Claudia PassarellJun 18, 2025 4 min read

Fed Holds Rates Steady, Tees Up Possible Cuts as Inflation Progress Slows

Federal Reserve Board Chairman Jerome Powell speaks during a news conference at the Federal Reserve in Washington, Wednesday, June 18, 2025. (AP Photo/Mark Schiefelbein)
Associated Press

The Federal Reserve hit pause once again. On June 18, 2025, the Fed voted unanimously to keep its benchmark interest rate steady at 5.25%–5.50%, marking the seventh consecutive hold.

While no rate cut has materialized just yet, the message was clear. The central bank sees a path to easing later this year, but only if inflation shows more meaningful improvement.

The Fed’s updated projections and tone signal that policymakers are growing more cautious and divided about how to balance economic resilience with stubborn inflation.

Fed Signals Two Cuts on the Table for 2025

The Fed’s updated “dot plot” revealed a split outlook for rate cuts this year: 8–10 officials expect two quarter-point cuts, while 7 expect none. Fed Chair Jerome Powell offered a careful recalibration during his post-meeting press conference.

“We’ve made considerable progress, but inflation remains elevated,” Powell said. “We need to see more good inflation data to bolster confidence before adjusting policy.”

Translation? The Fed’s finger is hovering near the rate-cut trigger, but it won’t pull unless the next few CPI reports say “go.”
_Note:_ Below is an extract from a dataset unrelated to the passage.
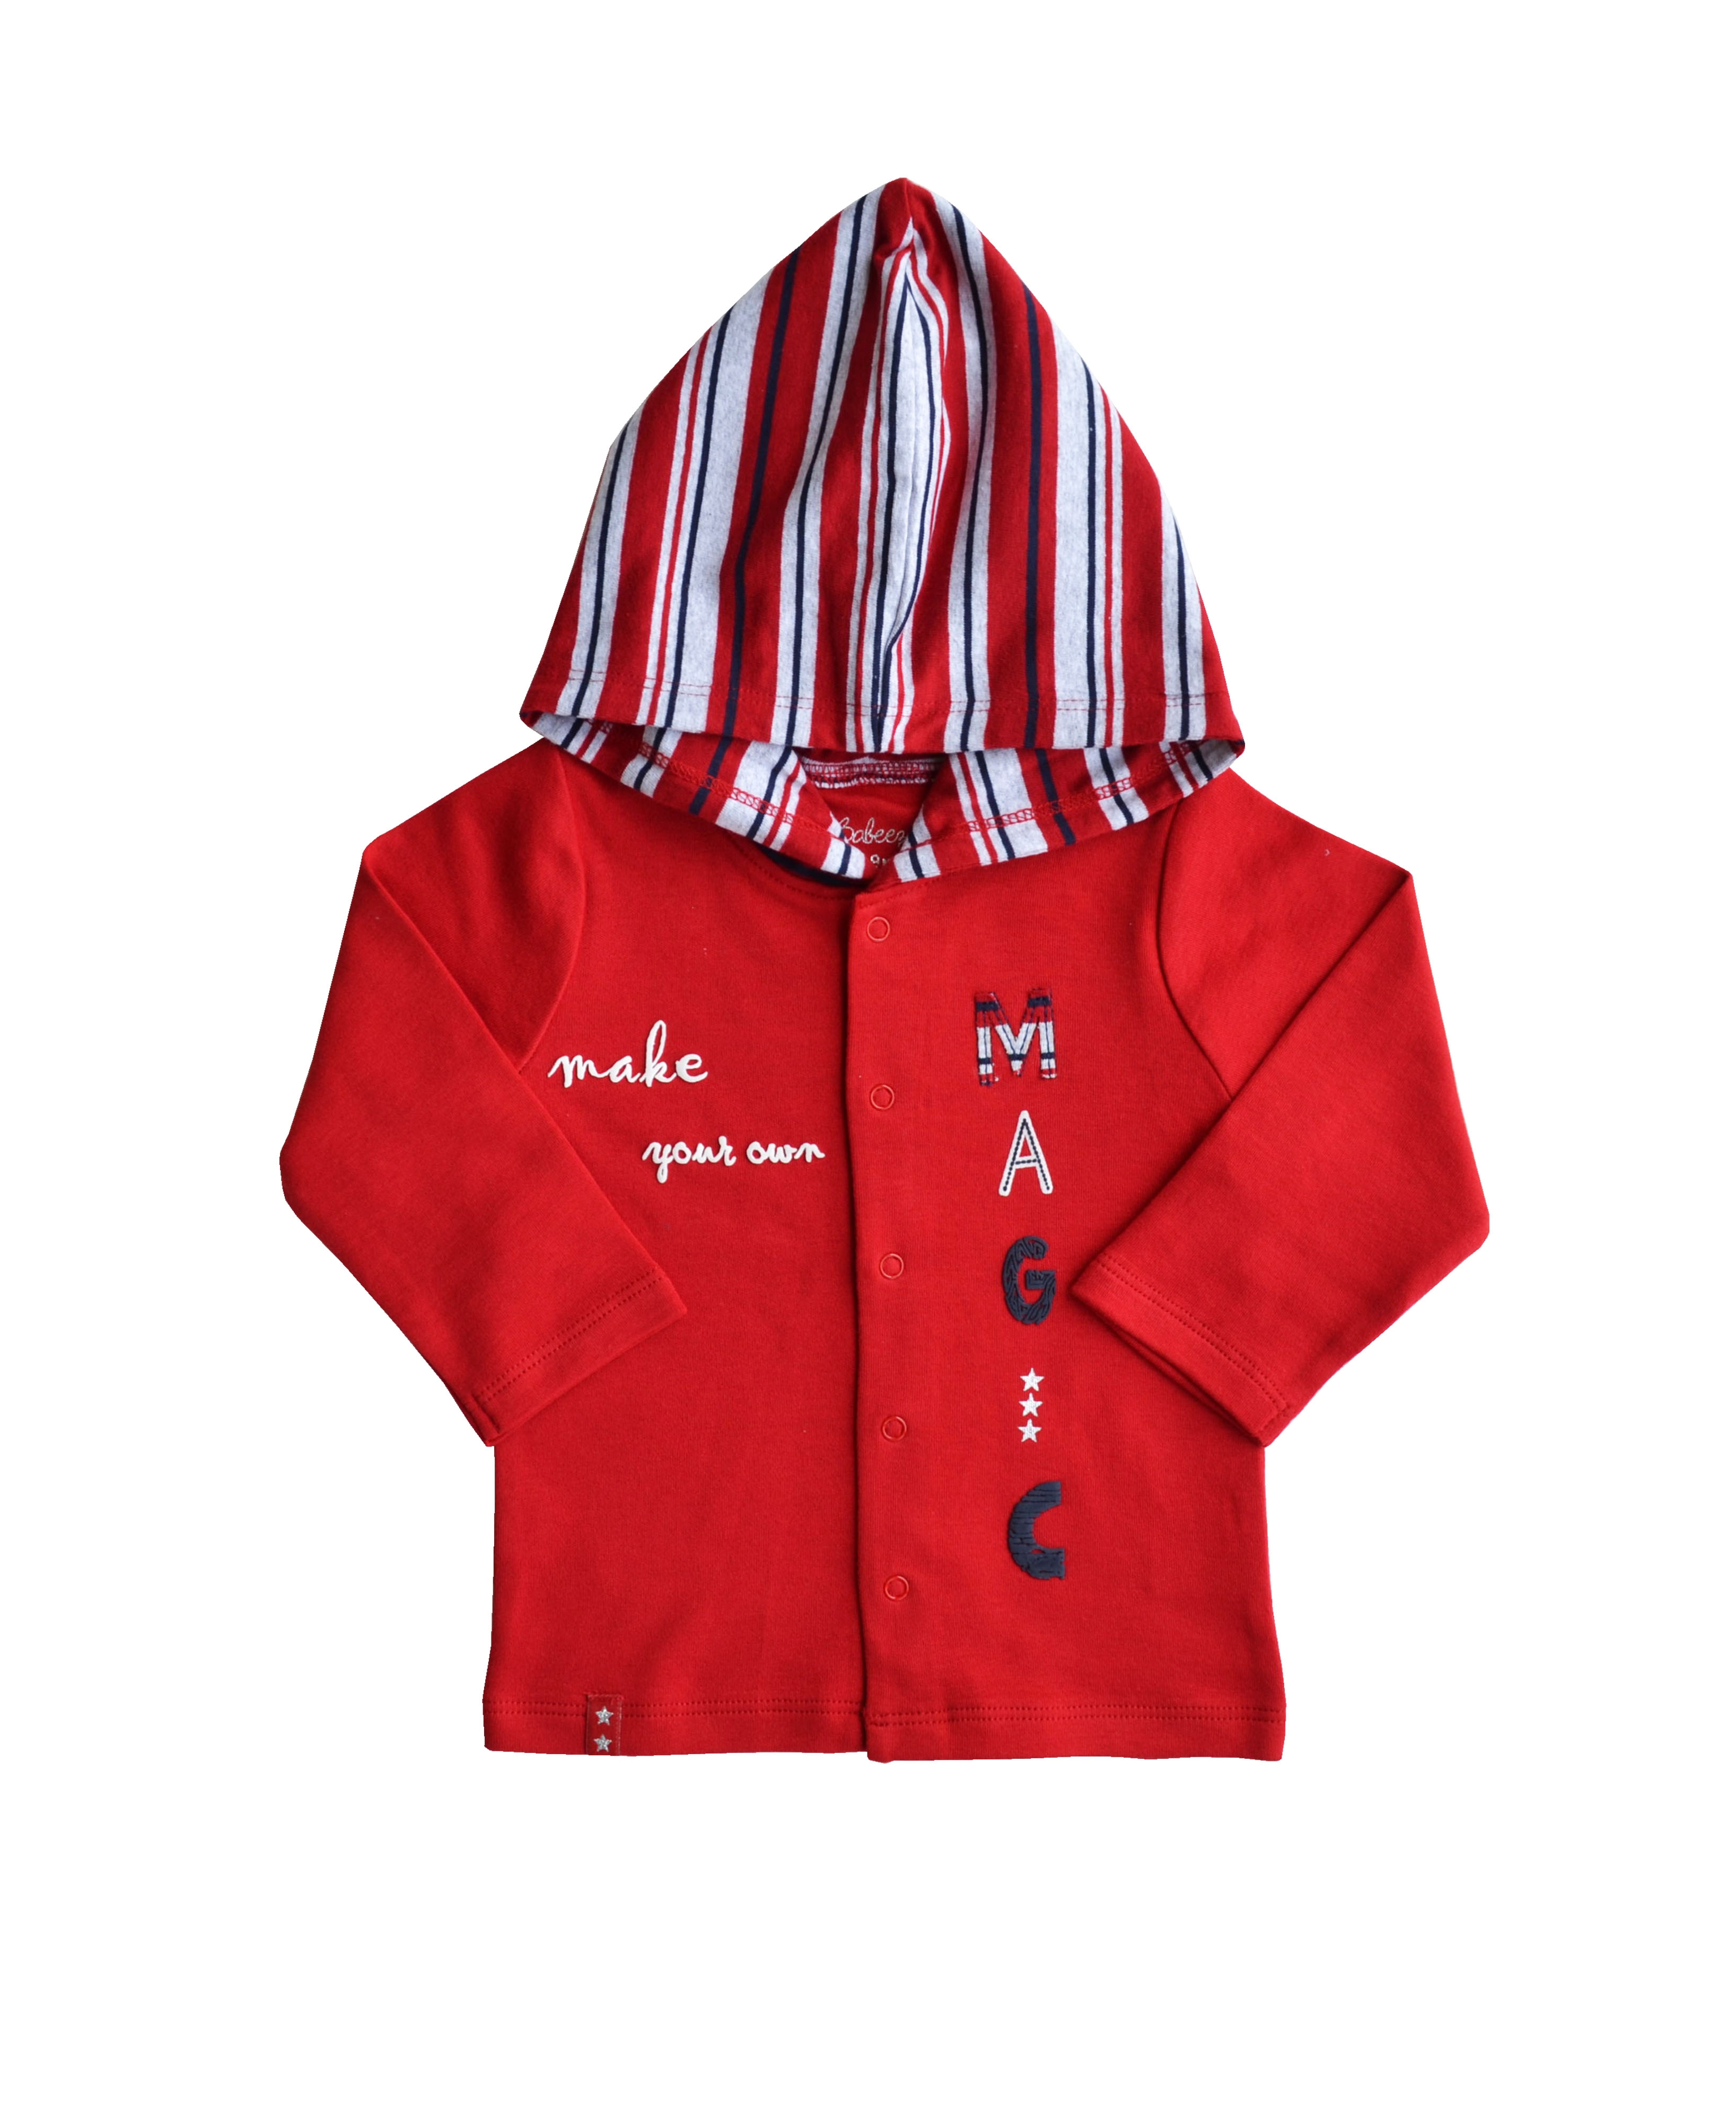 Babeez | MAGIC applique on Red Long Sleeves Hoody Jacket(100% Cotton Interlock Biowash) undefined

Inflation Ticks Higher, Growth Slows Down

The Fed’s latest projections reveal a story we’ve heard before: inflation is cooling, but not fast enough, and growth is starting to drag.

  • Core inflation: expected to average 2.8% in 2025, higher than previous projections.

  • Long-term inflation forecast: increased to 3.0%, reflecting ongoing price pressures in sectors like housing and energy.

  • GDP growth: reduced to 1.4%, signaling that higher borrowing costs are finally catching up with consumers and businesses.

  • Unemployment: projected to increase to 4.5% by year-end, a sign of the labor market softening but not collapse.

Markets Jitter, Then Recalibrate

Traders digested the Fed’s remarks in real-time. Stocks seesawed as Powell spoke, with the Dow slipping slightly while bond yields edged higher on the inflation revisions.

Fed funds futures now price in a 60–70% chance of a cut by September, assuming economic data trends the right way. But as we’ve learned over the last two years, what the Fed signals in June can look very different by fall.

Trump Turns Up the Heat, Fed Stays Cool

President Donald Trump has stepped up public pressure on the Fed, blaming “high interest rates” for slowing growth and urging a shift toward more aggressive cuts.

But Powell remains rock-solid. In a recent 60 Minutes interview, he emphasized the Fed’s independence:

“We do not consider politics in our decisions. We never do and we never will.”

What It Means for Everyday Americans

  • Borrowers: Don’t expect rate relief overnight. Mortgage rates, credit card APRs, and auto loan rates will remain elevated until the Fed starts cutting, which is likely to be fall or winter at the earliest.

  • Savers: Enjoy those high-yield CDs and savings accounts while they last. If the Fed begins easing, yields on deposit products could start to slide heading into 2026.

  • Investors: The market sees light at the end of the tunnel, but it’s a long tunnel. Stay tuned to inflation reports, jobs data, and Powell’s Jackson Hole speech in August.

The Fed didn’t deliver a rate cut, but it offered something almost as valuable: clarity. The path to rate relief is now visible, though not guaranteed.

The tone is now more flexible, the outlook more cautious, and the policy stance is more open-ended than at any point in the last 12 months. If inflation finally gives way, we’ll see the first cuts in this cycle.

Until then, the Fed is standing still, just close enough to the edge to see what comes next.